* TASK GOAL *
Beginning with the line that has "Kappa Kids卡帕童装中大童春季卫衣裙女款时尚舒适百搭长袖上衣 姜黄色 130" and ending with the line that has "NWT GUCCI 510314", retype the entries below exactly, except for the pictures.

* RECORDS SUPPLIED *
++++
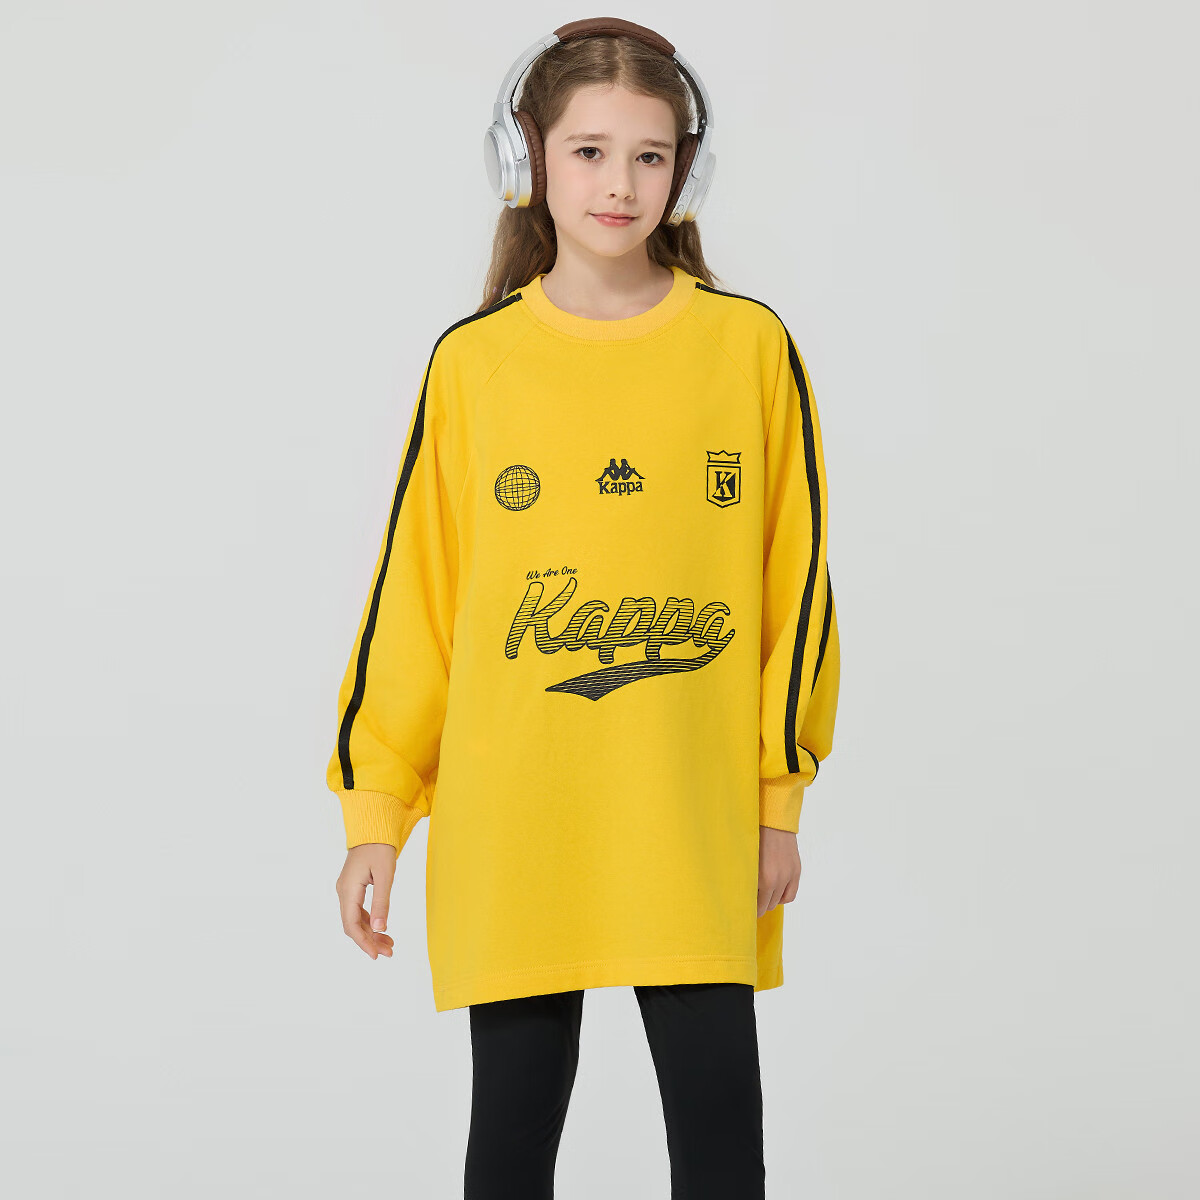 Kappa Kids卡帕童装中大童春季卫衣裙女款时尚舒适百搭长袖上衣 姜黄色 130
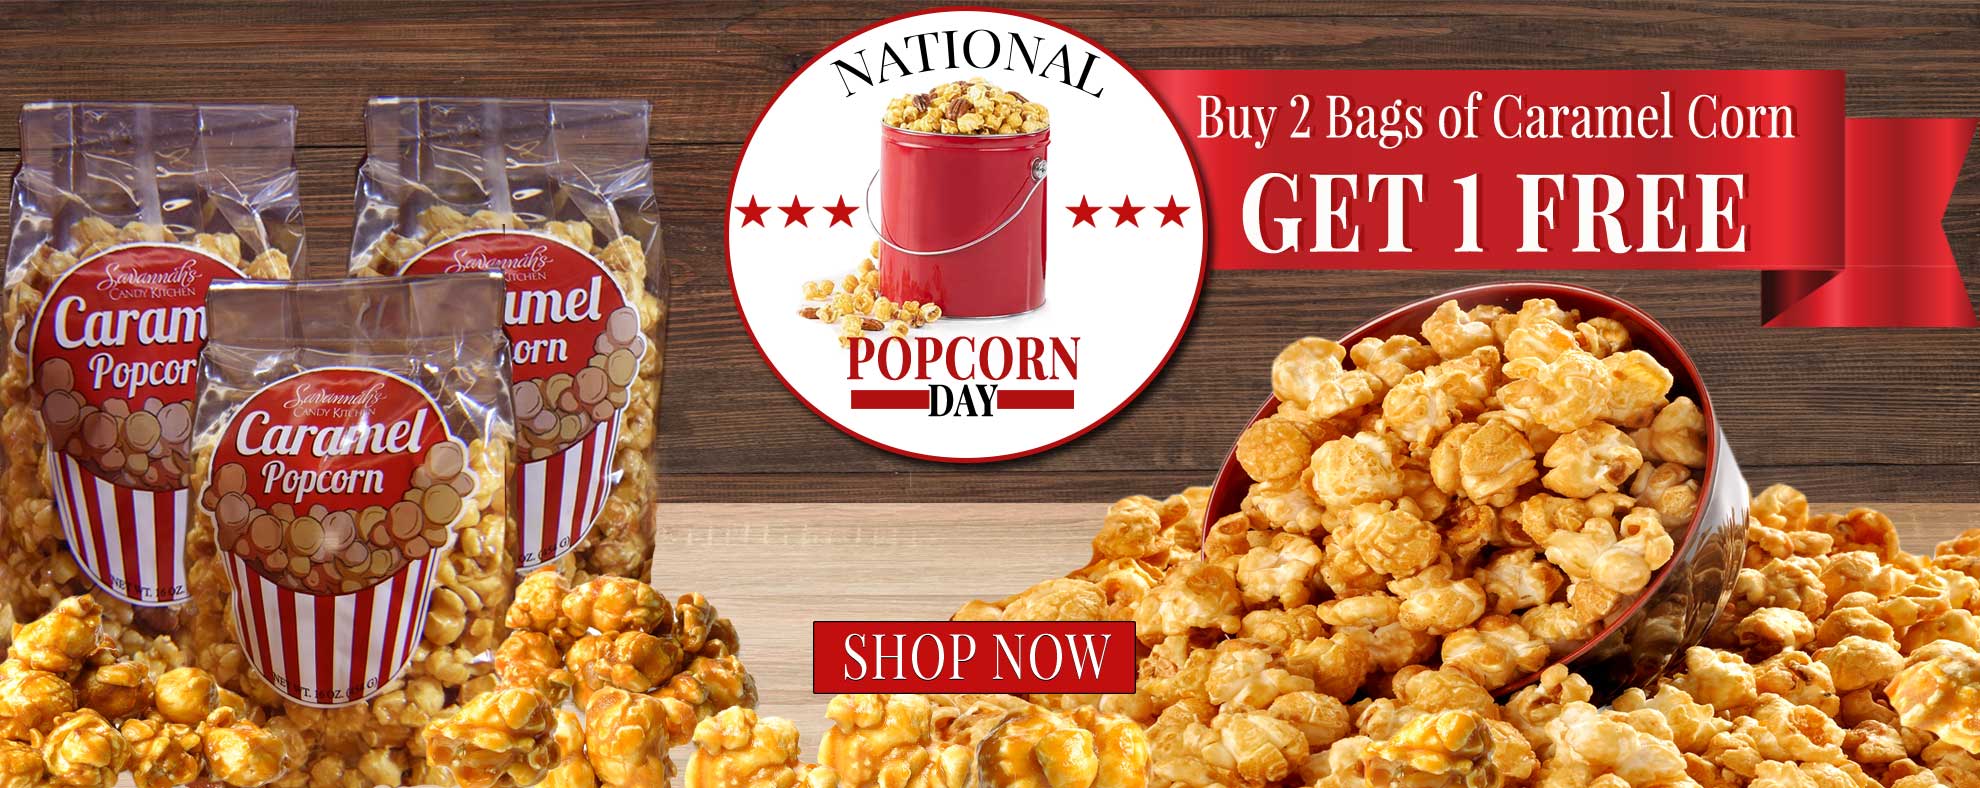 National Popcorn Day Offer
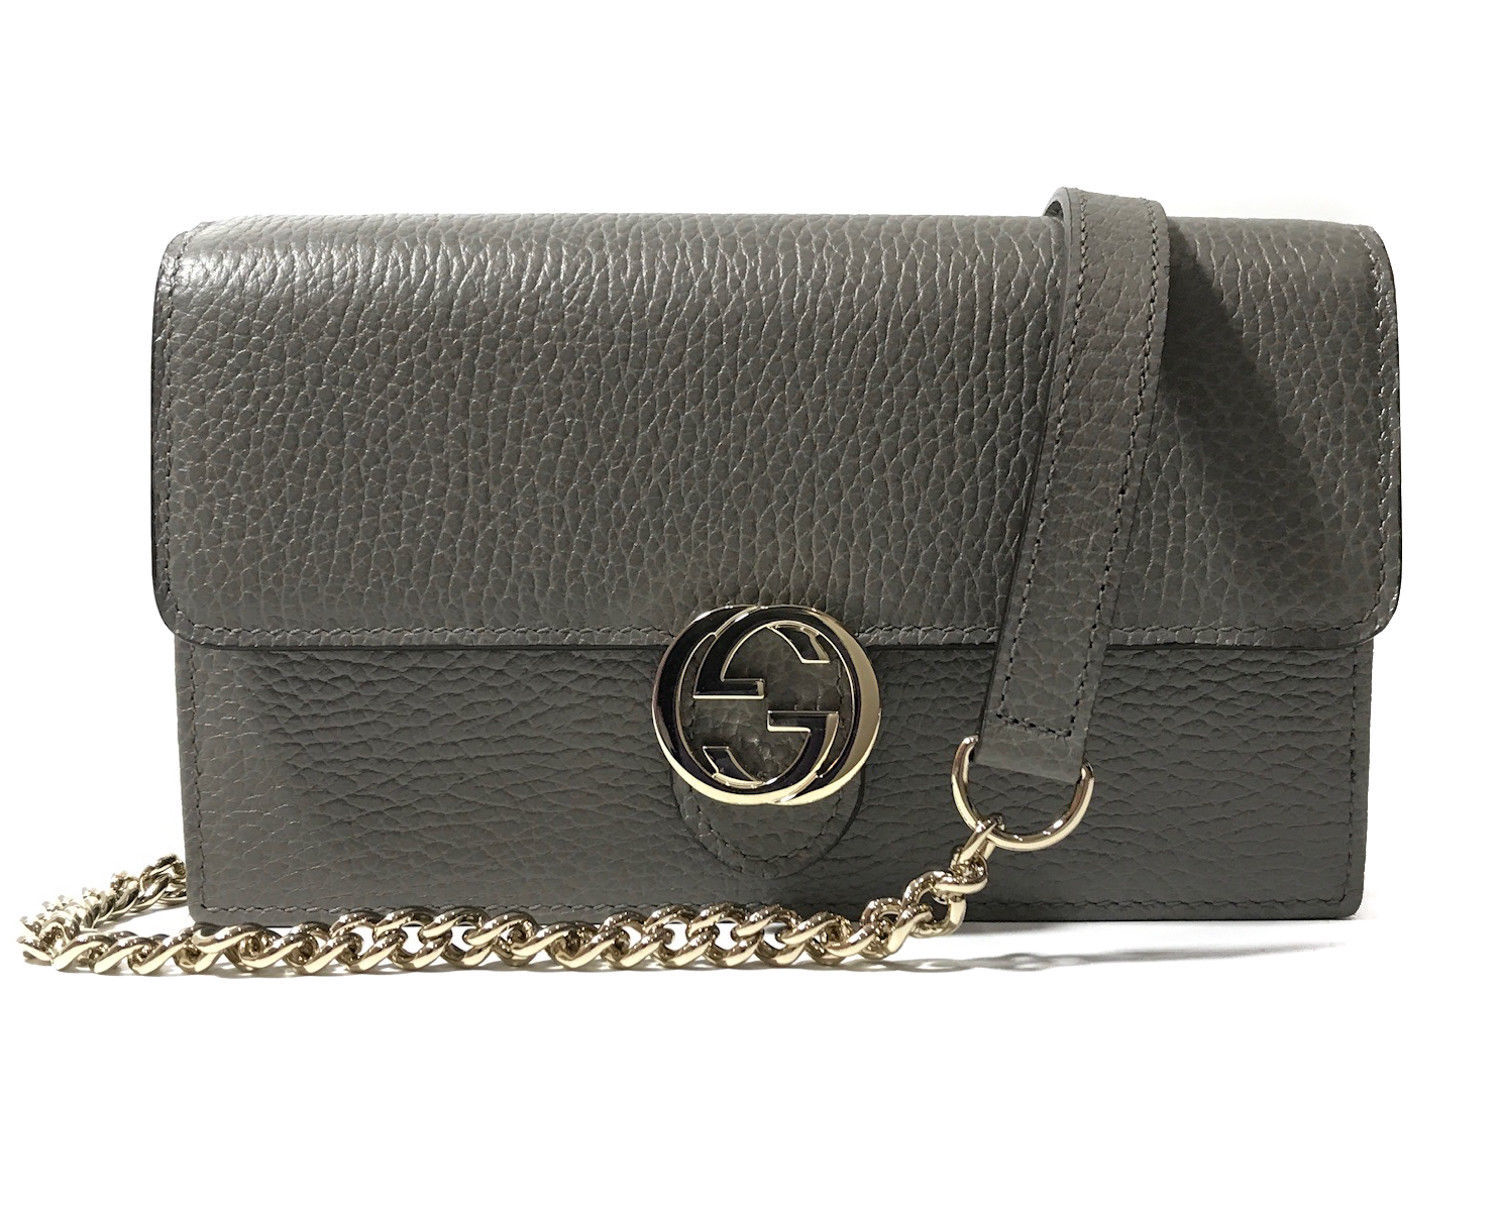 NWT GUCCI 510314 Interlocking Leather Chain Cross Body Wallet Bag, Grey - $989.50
++++
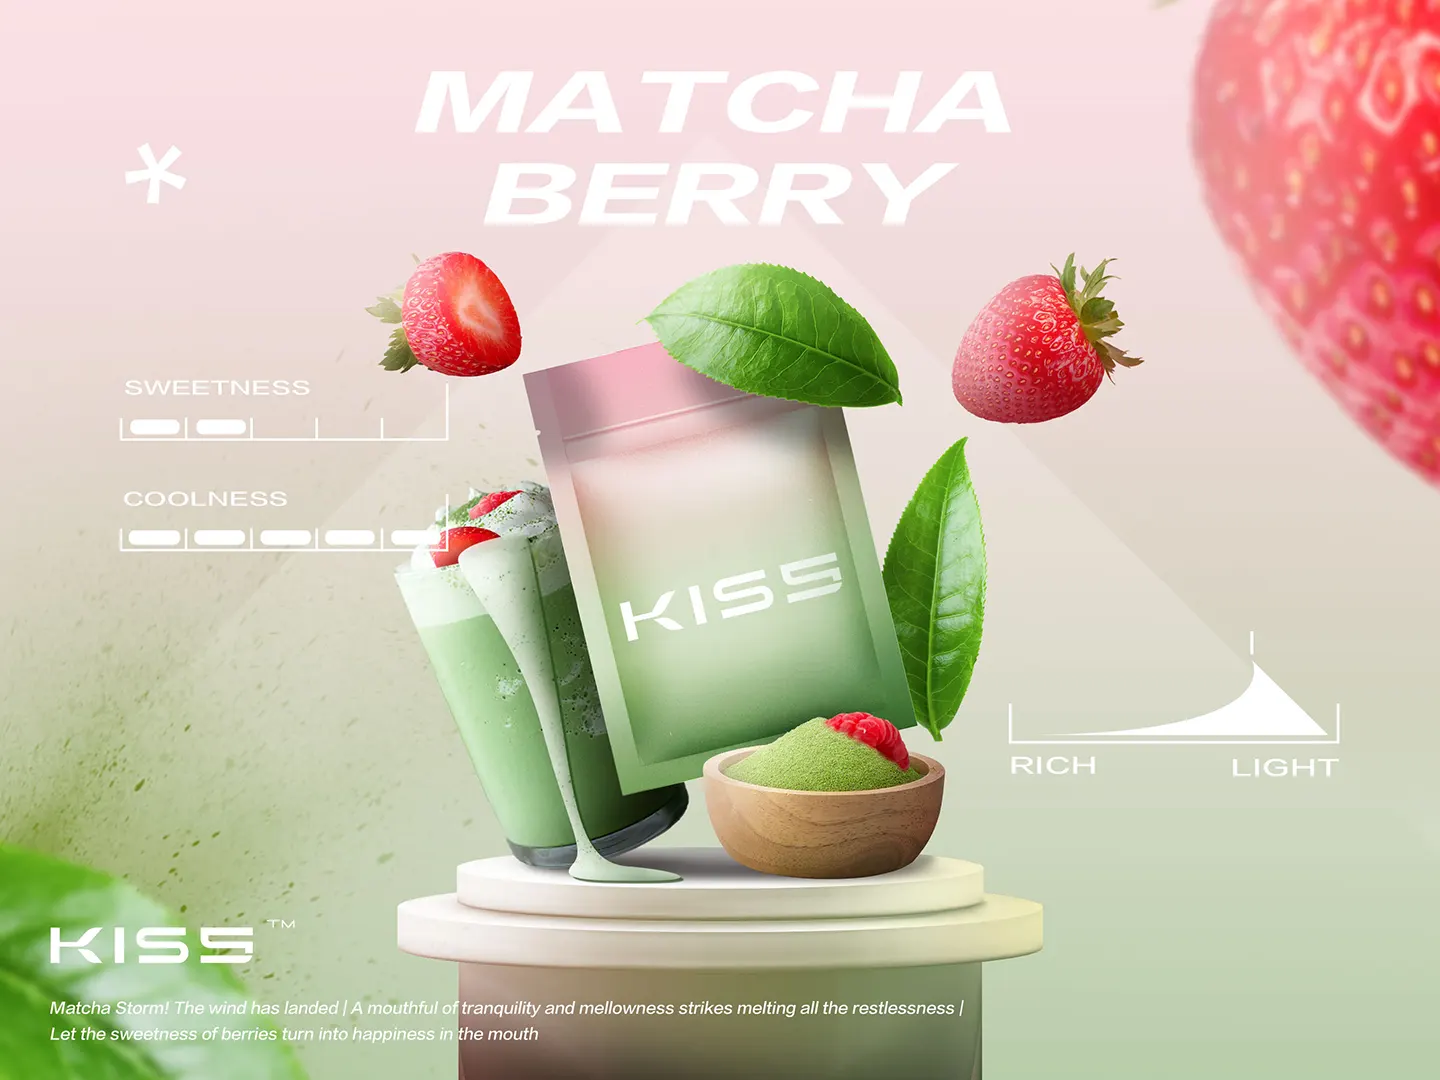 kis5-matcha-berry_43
++++
* RESPONSE TO THE EXERCISE *
 Kappa Kids卡帕童装中大童春季卫衣裙女款时尚舒适百搭长袖上衣 姜黄色 130
 National Popcorn Day Offer
 NWT GUCCI 510314 Interlocking Leather Chain Cross Body Wallet Bag, Grey - $989.50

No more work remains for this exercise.